Since making his way into the starting lineup 10 games ago, he's managed to put up 17 points a game on 50.8% shooting. And even before starting, he's been the Spurs' most consistent player all year. He's pretty much living up to the expectations we all had for Richard Jefferson. I guess it's good somebody is.


----------



## Basel (Mar 31, 2005)

Yeah, he's been playing really well. Amazing how the Spurs keep finding these guys who contribute in such a big way.


----------



## Jakain (Sep 8, 2006)

Duncan's been more consistent than Hill but I agree that he's improved and is a great model for RJ to follow.

Interesting that Hill's university's coaches sent him a shot chart showing how bad he was from jumpshooting range before he got in the NBA. He's made a substantial improvement in this area however he's still pretty streaky : http://www.basketball-reference.com/players/h/hillge01/gamelog/2010/ 

He also struggles to get assists but he's still a better combo-guard than Mason Jr. and he does share the court with Manu and TP which doesn't help in the assist category.

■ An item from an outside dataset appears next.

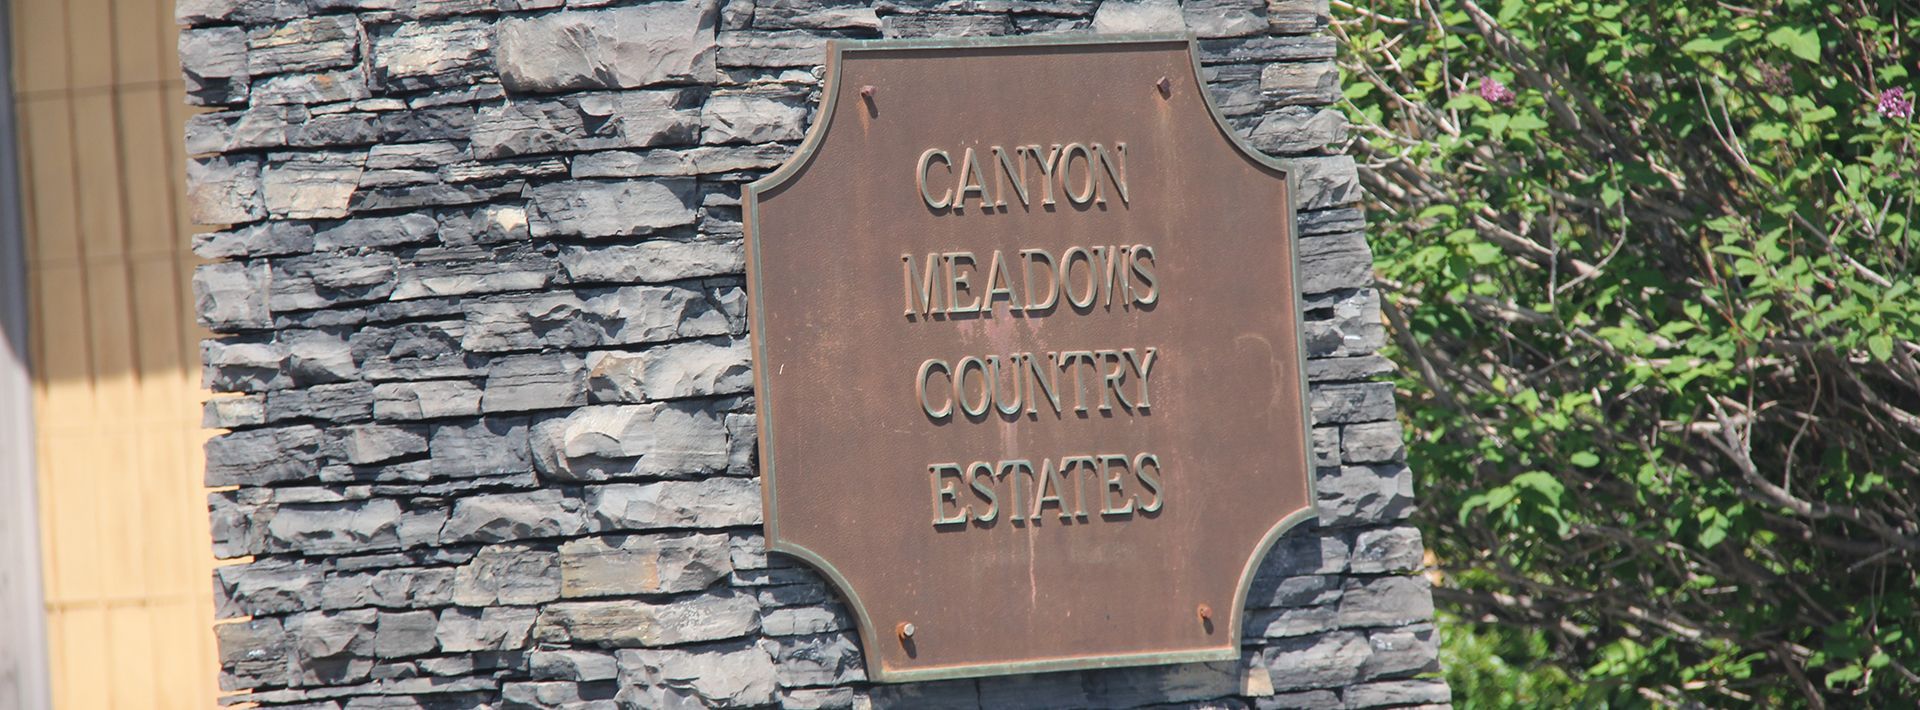 A sign on a stone wall that says Cannon meadows country estates

He's exactly the kind of guard the Spurs like though - defensive minded, hard working, good character, 3 point ability, and can handle the ball. Here's hoping he stays a Spur. He's a better scorer though and for a SG he's undersized but does have that length and defensive ability to guard perimiter guys like CP3, Kobe, Nowitizki, Durant, etc.


----------



## FreeMason Jr. (Jul 12, 2004)

Hill guarding Nowitzki? :eek8:


----------



## Jakain (Sep 8, 2006)

Yea he had a few minutes against Dirk, Hill bothered him to the point where he was forced to dish it out. Hill's length and pesky defense can give bigger perimeter players problems but as soon as they get closer to the basket he's usually screwed since he lacks the size to stop 'em.


----------



## Jakain (Sep 8, 2006)

On top of barely contributing anything last night against the Lakers (5 points on 2-8, and 1 assist), Hill has pulled a Greg Oden:



> Spurs Organization Joins Battle over Nude Pics
> Posted Feb 9th 2010 6:30AM by TMZ Staff
> The San Antonio Spurs are SOL in their attempt to have nude pics of one of their players removed from a website -- for now -- because the site's lawyer just said the pics of their player's basketballs are there to stay.
> 
> ...


----------



## hi im new (Jul 4, 2005)

Jakain said:


> On top of barely contributing anything last night against the Lakers (5 points on 2-8, and 1 assist), Hill has pulled a Greg Oden:


lmao, i heard about this on the radio today.


----------



## FreeMason Jr. (Jul 12, 2004)

Those nude picture have been online for months now. Not that I've seen them, but it was the talk of spurstalk for a quite a while. Get it? Talk of spurstalk? Heh heh.


----------



## Ben (Nov 7, 2006)

I didn't know whether to expect injury or pictures when you said he had pulled a Greg Oden... :laugh:


----------